Church in East Sussex, England

St Peter's Church is a Roman Catholic church in the Aldrington area of Hove, part of the English city of Brighton and Hove. It is one of three Roman Catholic churches in Hove and one of eleven in the wider city area. Built between 1912 and 1915 in a red-brick Romanesque style, its tall campanile forms a local landmark. It has been listed at Grade II by English Heritage in view of its architectural importance.

==History==
Hove's first Roman Catholic church was the Church of the Sacred Heart on Norton Road. Early in the 20th century, its priest paid £600 for a plot of land on Portland Road—a main road running westwards from Hove towards Aldrington and Portslade—with the intention of establishing a new church there. A hall, dedicated to St Peter, was built on this site in 1902, and Mass was first celebrated there in 1904. It was part of the parish of the Church of the Sacred Heart until 1920, when it became its own separate parish. An architect called Dixon submitted plans for a new church in 1912; in September of that year the local Council granted permission for building work to begin, but his designs were abandoned and a different architect, Claude Kelly, was chosen. He submitted his own design in 1913. It was similar to a church, St Saviour's Church, Lewisham, that he previously designed in 1909.
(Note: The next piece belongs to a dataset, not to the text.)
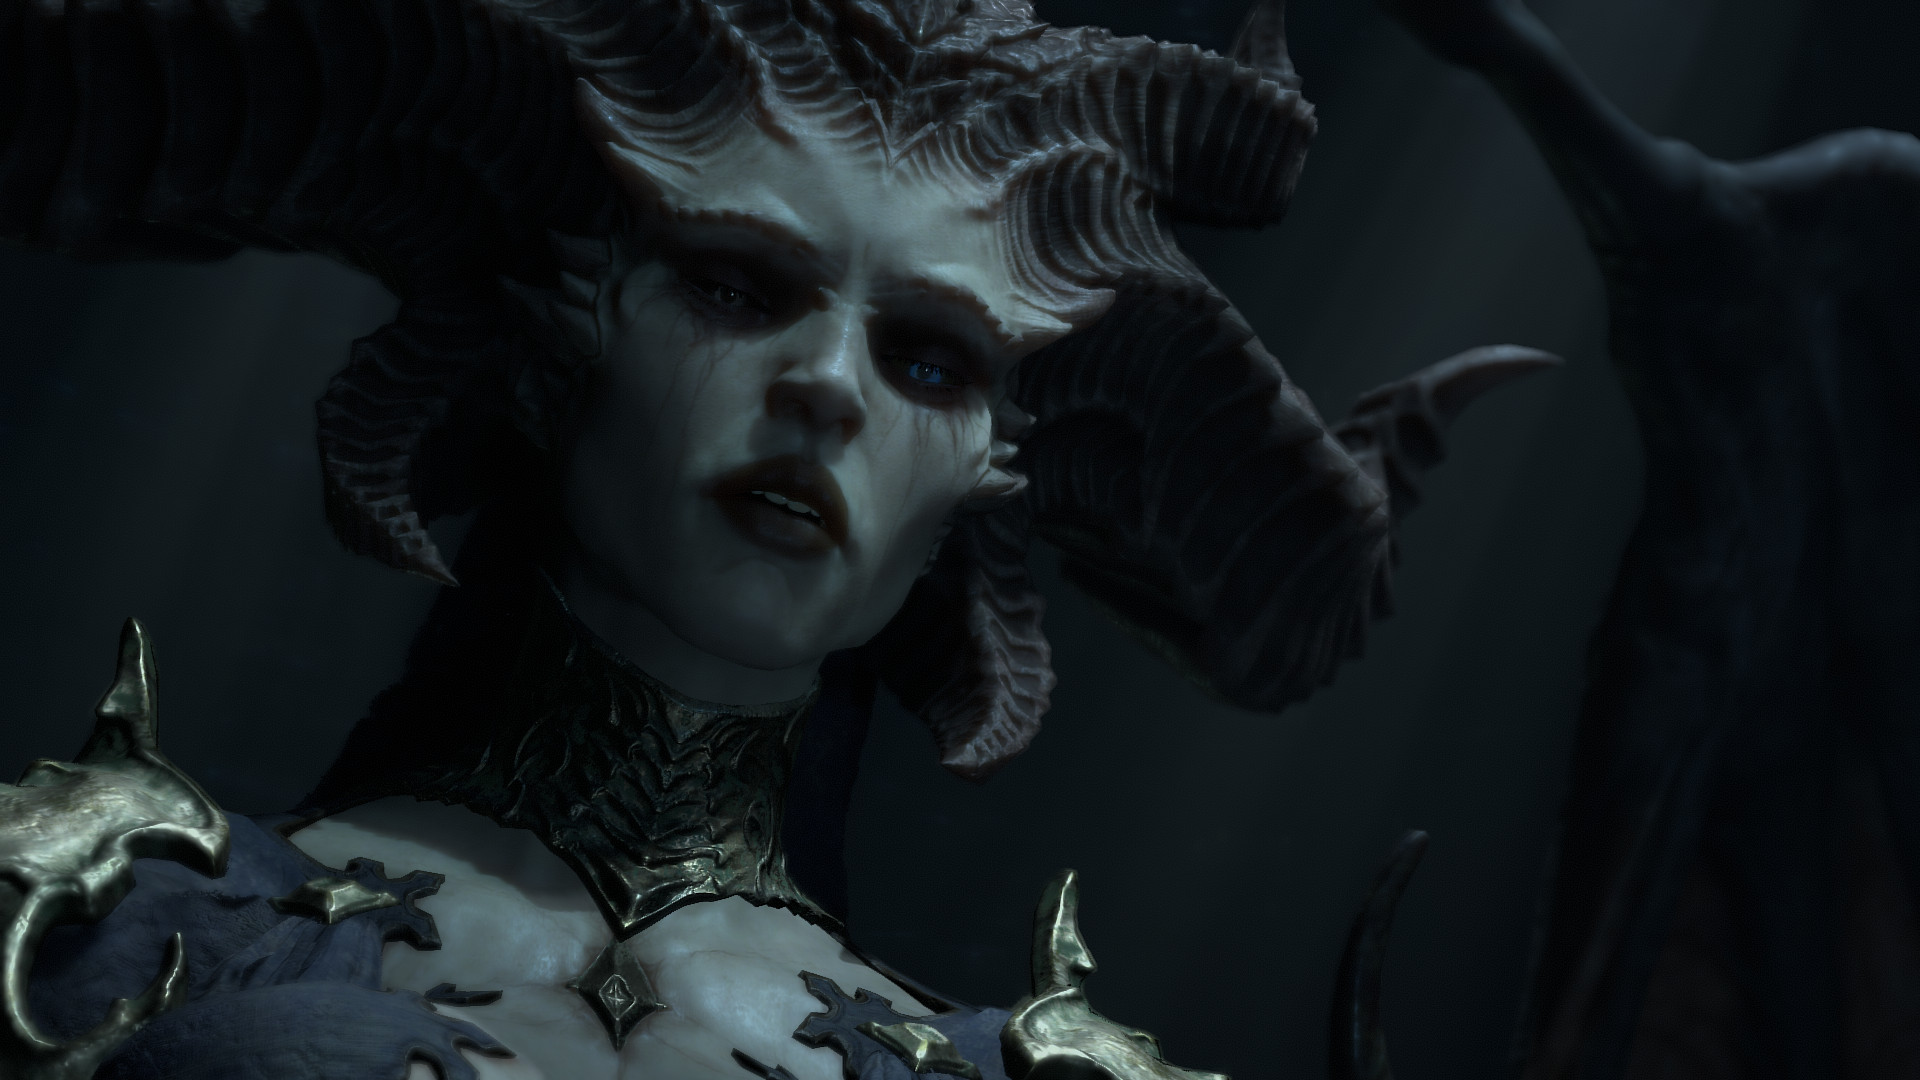 La mejor configuración de Diablo 4: Lilith mira a alguien desde arriba, en una habitación oscura, con una mirada de lástima
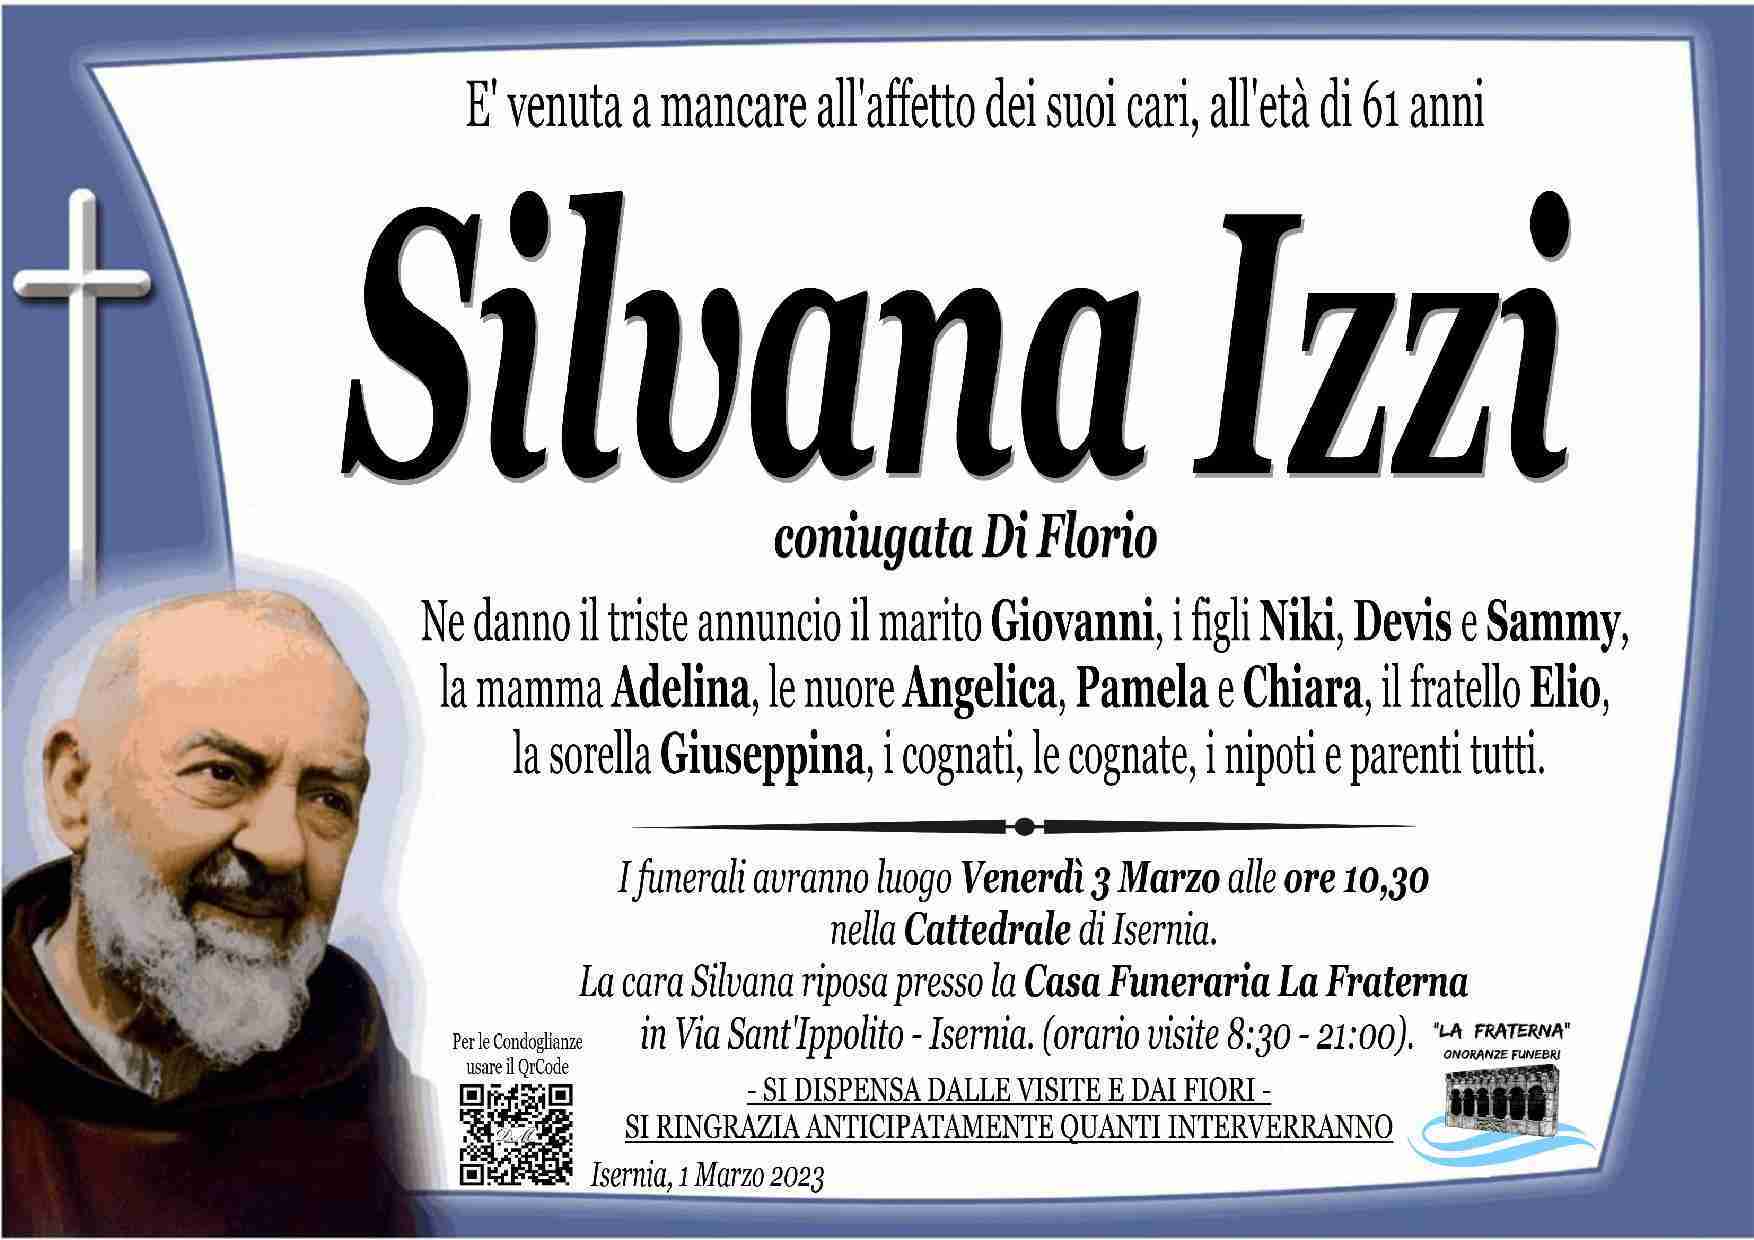 Silvana Izzi

A new priest was appointed in 1915, and he raised £9,000 (£ as of ) towards the building of Kelly's church. It was finished in August 1915. Claude Kelly's father John, who had designed dozens of churches in his architectural career, is believed to have been involved as well—he had been in partnership with his son since 1904—and another ecclesiastical architect, J. Marshall, may also have worked on the building.

St Peter's was not consecrated until 28 June 1927, after improvements were made to the internal fixtures. The original pews and pulpit were replaced in 1929, and a parishioner provided the church with an organ made by Henry Willis & Sons.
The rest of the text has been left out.